Resumo do artigo
Mesmo sem incorporação nacional ao SUS, estados e municípios podem criar programas próprios de distribuição gratuita de sensores de glicose, e vários já o fizeram por lei local, geralmente voltados a crianças e adolescentes com diabetes tipo 1. Quando existe programa, a discussão deixa de ser sobre tecnologia não incorporada e passa a ser sobre cumprimento de política pública já instituída.
Introdução
Mesmo sem incorporação nacional ao SUS, estados e municípios podem criar programas próprios de distribuição gratuita de sensores de glicose. Vários já criaram, por lei local, e o número vem crescendo.
Isso muda a natureza do problema. Onde existe programa, o paciente não precisa discutir se a tecnologia deveria ou não estar no SUS. Ele precisa apenas demonstrar que preenche os critérios da política já instituída.
Este artigo explica como descobrir se existe programa na sua cidade ou no seu estado, quais critérios costumam ser exigidos e o que fazer quando a lei existe mas não sai do papel.
Leia também:
- Sensor FreeStyle Libre pelo SUS: como conseguir
- Conitec negou o sensor de glicose: o que muda para quem precisa
- Sensor de glicose para crianças com diabetes tipo 1
Conteúdo do artigo
Estado e município podem distribuir sensor sem autorização federal?
Podem. A ausência de incorporação nacional não proíbe política local mais ampla.
O SUS é organizado de forma descentralizada, com competência comum entre União, Estados, Distrito Federal e Municípios para cuidar da saúde, nos termos do art. 23, II, da Constituição. Cada ente pode ampliar o que oferece, desde que respeite as diretrizes gerais do sistema e tenha previsão orçamentária.
A decisão da Conitec de não incorporar o sensor define o piso nacional de dispensação, não um teto.
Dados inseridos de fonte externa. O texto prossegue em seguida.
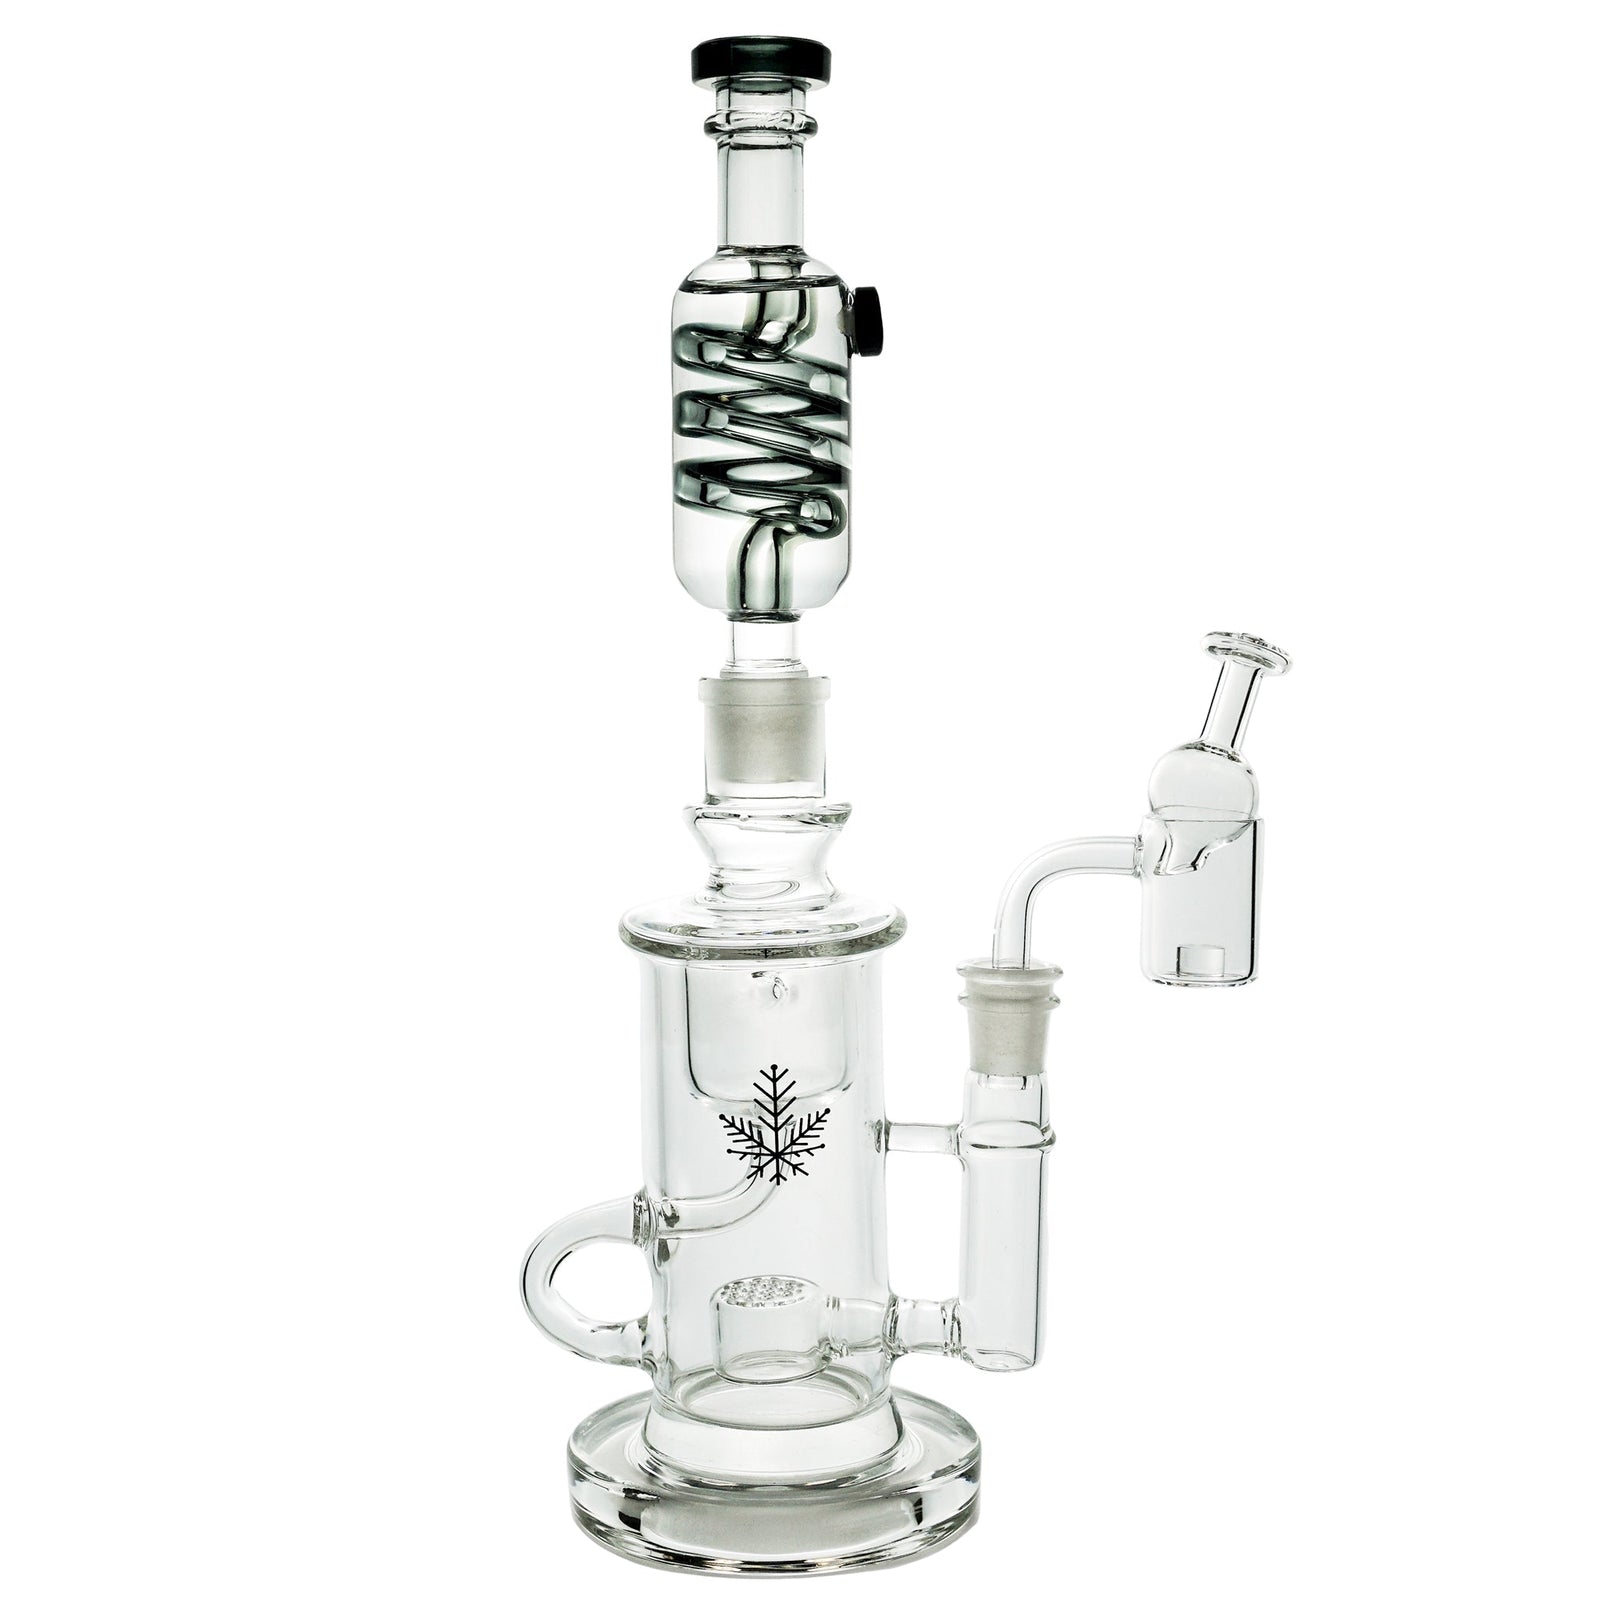 Buy Wholesale China Electric Tree Branch Glass Smoking Water Pipe

Por isso, leis estaduais e municipais que criam programas de distribuição não conflitam com a decisão federal.
Quais programas já existem?
O panorama muda com frequência, então o que segue é uma fotografia de julho de 2026 e serve como ilustração, não como lista fechada.
No plano estadual, o Paraná foi o primeiro estado a formalizar a distribuição gratuita de sensores digitais de glicemia pelo SUS, com base na Lei Estadual nº 22.331/2024, cuja regulamentação por decreto foi encaminhada para conclusão em 2026. O programa prevê cadastro com atualização anual, recadastramento a cada dois anos e critérios de acompanhamento, incluindo comprovação de uso adequado do sensor e adesão ao tratamento.
O Piauí instituiu, pela Lei nº 9.031, campanha permanente de monitoramento digital contínuo da glicemia para pacientes com diabetes entre 4 e 17 anos, em idade escolar e acompanhados pelo SUS, exigindo comprovação de hipossuficiência econômica e laudo médico da rede pública.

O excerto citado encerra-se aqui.